Nell’era dell’economia dell’informazione non scappa nessuno: il calzolaio del paese è su Internet. Ce lo ha messo uno che passava di là aggiungendo una venue su Foursquare, ma bastano anche le pagine gialle.
Senza che lui abbia fatto uno sforzo Internet gli ha già portato dei vantaggi: io sono riuscita a trovarlo.
E se il figlio del calzolaio andasse a studiare all’estero?
Il suo bisogno di Internet crescerebbe: Skype sarebbe una soluzione.
Cosa gli serve (investimento economico per pc e abbonamento a parte)?
Che qualcuno gli spieghi come si fa. Perché la rete (dei rapporti personali) la devi (ri)costruire in Rete.
Come si fa?
Come faccio io al lavoro?
In un’azienda che ha oltre 1000 dipendenti e che ha deciso di essere (attivamente) presente in Rete si può prescindere dal mostrare a tutti i dipendenti la Rete?
Un’azienda così grande sarà fatta da gente di tutti i tipi, età, competenze.
Ci sarà chi protesta e chi resiste.
Incredibile?
No, ai tempi dell’introduzione dei computer nelle redazioni i giornalisti insorsero.
Un collega de Il Giorno, dove ho lavorato per anni, mi raccontava delle lotte sindacali della metà degli anni 80 per protestare contro quest’innovazione che a loro avviso avrebbe fatto perdere più tempo.

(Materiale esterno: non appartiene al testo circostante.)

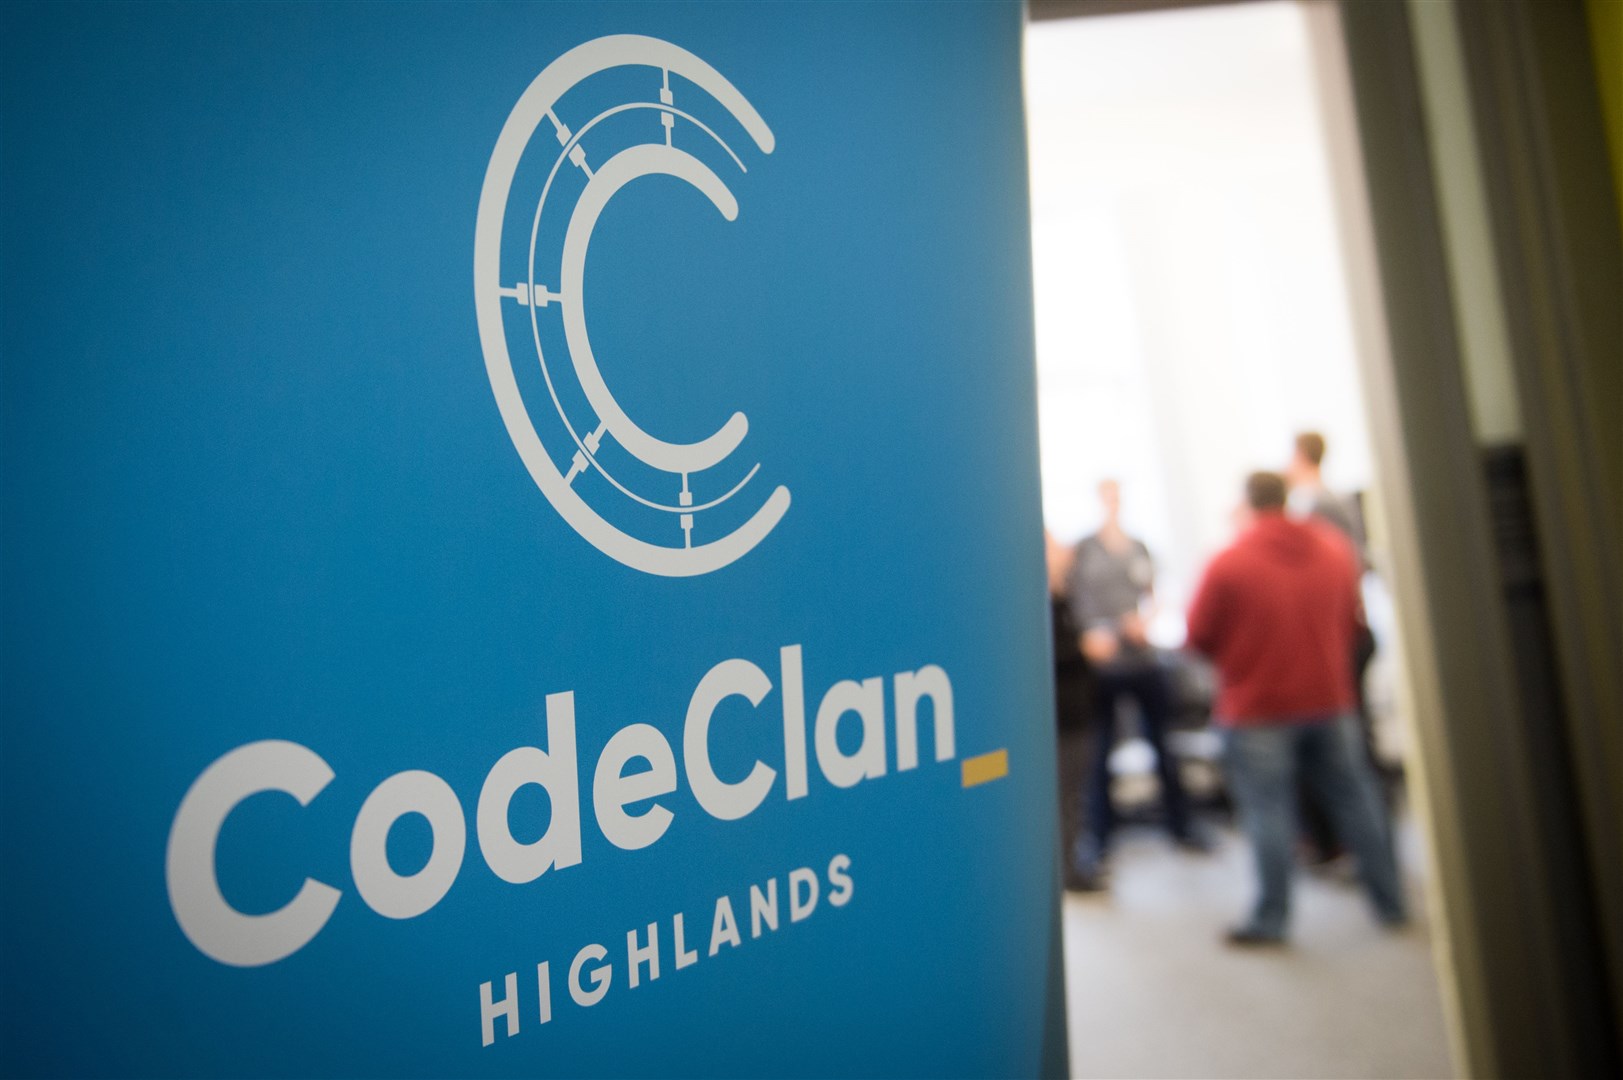 launch of the CodeClan Highlands coding academy at Inverness Creative Academy/Wasps Studios, Midmills Campus, Inverness....Picture: Callum Mackay. Image No. 043734.

Il tempo… della formazione.
Negli stessi anni, nel 1988 un tecnico della Xerox teorizzò l’ubiquitous computing: device e sistemi così diffusi da passare inosservati.
Oggi è già così?
Non ovunque. Succederà però presto.
Nessuno quando vado in riunione e prendo appunti direttamente sul BlackBerry si chiede se io stia mandando sms.
Come non pensano che il collega con l’iPad stia giocando.
La maggior parte dei colleghi prende appunti carta e penna e non è un male.
Ma io gli appunti scritti a penna non li rileggevo mai.
Racconto anche questo al lavoro. Che la tecnologia e Internet mi fanno risparmiare (non perdere) tempo.
Sul lavoro faccio così, racconto di fare (e lo penso) un lavoro bellissimo, un lavoro che farei anche gratis.
E racconto loro la mia vita online, la rete di amici che ho creato (o che mi si è creata) intorno.
Sono dell’idea che è questo lo sforzo che dovremmo fare: raccontare i vantaggi della Rete non dall’alto verso il basso (le aziende), né dal basso (i blogger) verso l’alto, ma da fianco a fianco (tutti e tutti insieme).
Questi sono i miei appunti per l’intervento (e più o meno quello che ho detto) alla tavola rotonda Prospettive Digitali, ospitata dal Knowcamp.
Mi piace pensare che un’idea si possa trasformare in una storia e che le storie aiutino a capire più di mille manifesti.